What to produce:
Whenever a line below holds the word "Sensus", copy that line.
** Data records follows **
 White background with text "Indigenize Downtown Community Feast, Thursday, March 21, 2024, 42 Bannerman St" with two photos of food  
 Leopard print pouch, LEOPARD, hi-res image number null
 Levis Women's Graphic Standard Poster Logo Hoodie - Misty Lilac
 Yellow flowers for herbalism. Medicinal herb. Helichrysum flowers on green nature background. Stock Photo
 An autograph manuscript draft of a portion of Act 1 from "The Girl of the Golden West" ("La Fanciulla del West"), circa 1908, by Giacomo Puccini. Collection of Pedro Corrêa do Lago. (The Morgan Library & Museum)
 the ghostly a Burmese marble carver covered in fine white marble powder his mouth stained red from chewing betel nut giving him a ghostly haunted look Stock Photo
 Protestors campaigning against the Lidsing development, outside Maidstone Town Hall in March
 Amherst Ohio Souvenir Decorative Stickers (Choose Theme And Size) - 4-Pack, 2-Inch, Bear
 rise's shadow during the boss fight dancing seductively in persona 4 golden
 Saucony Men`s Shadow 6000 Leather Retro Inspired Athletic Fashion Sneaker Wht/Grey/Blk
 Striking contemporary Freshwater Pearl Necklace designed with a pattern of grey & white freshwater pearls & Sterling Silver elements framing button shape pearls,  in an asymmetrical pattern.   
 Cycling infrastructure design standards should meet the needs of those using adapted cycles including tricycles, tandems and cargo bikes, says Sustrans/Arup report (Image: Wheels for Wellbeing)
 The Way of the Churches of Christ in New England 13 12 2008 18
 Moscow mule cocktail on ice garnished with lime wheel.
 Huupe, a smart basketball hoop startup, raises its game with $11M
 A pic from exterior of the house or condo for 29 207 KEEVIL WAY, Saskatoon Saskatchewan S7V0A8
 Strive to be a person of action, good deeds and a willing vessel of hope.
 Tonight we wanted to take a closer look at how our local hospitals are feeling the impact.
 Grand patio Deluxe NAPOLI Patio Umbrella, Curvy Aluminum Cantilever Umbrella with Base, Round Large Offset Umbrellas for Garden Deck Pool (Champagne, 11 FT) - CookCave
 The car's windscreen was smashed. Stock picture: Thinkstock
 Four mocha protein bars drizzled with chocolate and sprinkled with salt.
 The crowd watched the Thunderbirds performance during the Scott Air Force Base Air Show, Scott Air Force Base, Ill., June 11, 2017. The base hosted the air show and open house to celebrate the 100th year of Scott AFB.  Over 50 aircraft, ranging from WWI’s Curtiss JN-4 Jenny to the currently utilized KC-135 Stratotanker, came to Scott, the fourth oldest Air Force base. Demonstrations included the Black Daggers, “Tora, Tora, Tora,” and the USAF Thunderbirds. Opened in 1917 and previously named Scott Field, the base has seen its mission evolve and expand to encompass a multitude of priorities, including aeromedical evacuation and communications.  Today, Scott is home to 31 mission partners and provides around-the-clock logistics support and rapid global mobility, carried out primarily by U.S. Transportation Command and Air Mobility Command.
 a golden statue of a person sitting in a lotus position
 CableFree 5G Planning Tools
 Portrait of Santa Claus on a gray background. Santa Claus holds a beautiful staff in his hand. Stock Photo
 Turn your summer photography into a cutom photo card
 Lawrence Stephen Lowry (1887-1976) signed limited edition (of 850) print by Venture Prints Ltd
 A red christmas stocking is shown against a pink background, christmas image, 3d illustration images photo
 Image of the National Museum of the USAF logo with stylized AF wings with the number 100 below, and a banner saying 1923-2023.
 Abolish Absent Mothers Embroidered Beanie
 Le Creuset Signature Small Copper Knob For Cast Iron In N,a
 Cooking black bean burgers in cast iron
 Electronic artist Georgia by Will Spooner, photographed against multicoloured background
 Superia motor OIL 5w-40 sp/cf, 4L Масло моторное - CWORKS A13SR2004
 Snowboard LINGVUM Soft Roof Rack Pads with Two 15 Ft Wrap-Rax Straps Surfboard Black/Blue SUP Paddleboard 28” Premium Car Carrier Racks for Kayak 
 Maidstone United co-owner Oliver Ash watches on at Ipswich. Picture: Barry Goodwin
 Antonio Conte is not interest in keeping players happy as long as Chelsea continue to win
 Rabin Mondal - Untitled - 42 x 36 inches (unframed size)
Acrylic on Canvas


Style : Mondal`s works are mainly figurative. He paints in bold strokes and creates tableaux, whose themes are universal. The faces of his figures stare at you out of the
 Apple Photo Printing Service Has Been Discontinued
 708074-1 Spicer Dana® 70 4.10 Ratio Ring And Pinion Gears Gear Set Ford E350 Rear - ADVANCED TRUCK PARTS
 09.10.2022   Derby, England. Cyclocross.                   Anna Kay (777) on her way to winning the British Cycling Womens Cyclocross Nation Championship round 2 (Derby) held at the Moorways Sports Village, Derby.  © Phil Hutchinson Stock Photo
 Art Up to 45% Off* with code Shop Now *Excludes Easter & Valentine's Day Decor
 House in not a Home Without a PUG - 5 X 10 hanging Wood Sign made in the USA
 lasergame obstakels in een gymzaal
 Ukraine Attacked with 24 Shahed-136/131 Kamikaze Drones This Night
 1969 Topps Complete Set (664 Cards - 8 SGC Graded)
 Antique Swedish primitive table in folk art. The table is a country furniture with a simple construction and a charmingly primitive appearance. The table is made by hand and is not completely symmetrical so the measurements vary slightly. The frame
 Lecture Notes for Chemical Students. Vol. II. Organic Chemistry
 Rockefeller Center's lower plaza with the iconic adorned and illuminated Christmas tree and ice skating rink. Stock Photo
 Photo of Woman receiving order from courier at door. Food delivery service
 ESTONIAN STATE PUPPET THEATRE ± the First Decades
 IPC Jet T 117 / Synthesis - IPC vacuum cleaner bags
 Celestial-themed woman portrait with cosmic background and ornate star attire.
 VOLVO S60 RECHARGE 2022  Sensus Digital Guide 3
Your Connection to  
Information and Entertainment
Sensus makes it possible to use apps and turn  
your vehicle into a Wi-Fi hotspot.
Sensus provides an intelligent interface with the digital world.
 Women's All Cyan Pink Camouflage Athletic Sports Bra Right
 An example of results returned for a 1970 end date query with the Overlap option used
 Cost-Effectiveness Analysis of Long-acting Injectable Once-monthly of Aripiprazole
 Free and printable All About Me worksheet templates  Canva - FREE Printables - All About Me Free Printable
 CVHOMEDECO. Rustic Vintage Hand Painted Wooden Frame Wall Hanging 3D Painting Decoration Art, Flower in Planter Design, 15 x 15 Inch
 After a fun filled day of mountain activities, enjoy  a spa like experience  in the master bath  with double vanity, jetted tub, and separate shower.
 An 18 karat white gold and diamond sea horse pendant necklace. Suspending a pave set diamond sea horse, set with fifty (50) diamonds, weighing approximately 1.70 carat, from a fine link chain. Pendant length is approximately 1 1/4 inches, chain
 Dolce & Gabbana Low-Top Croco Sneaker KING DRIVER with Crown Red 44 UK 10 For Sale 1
** End of Data records **
Task solution:
 VOLVO S60 RECHARGE 2022  Sensus Digital Guide 3
Sensus makes it possible to use apps and turn  
Sensus provides an intelligent interface with the digital world.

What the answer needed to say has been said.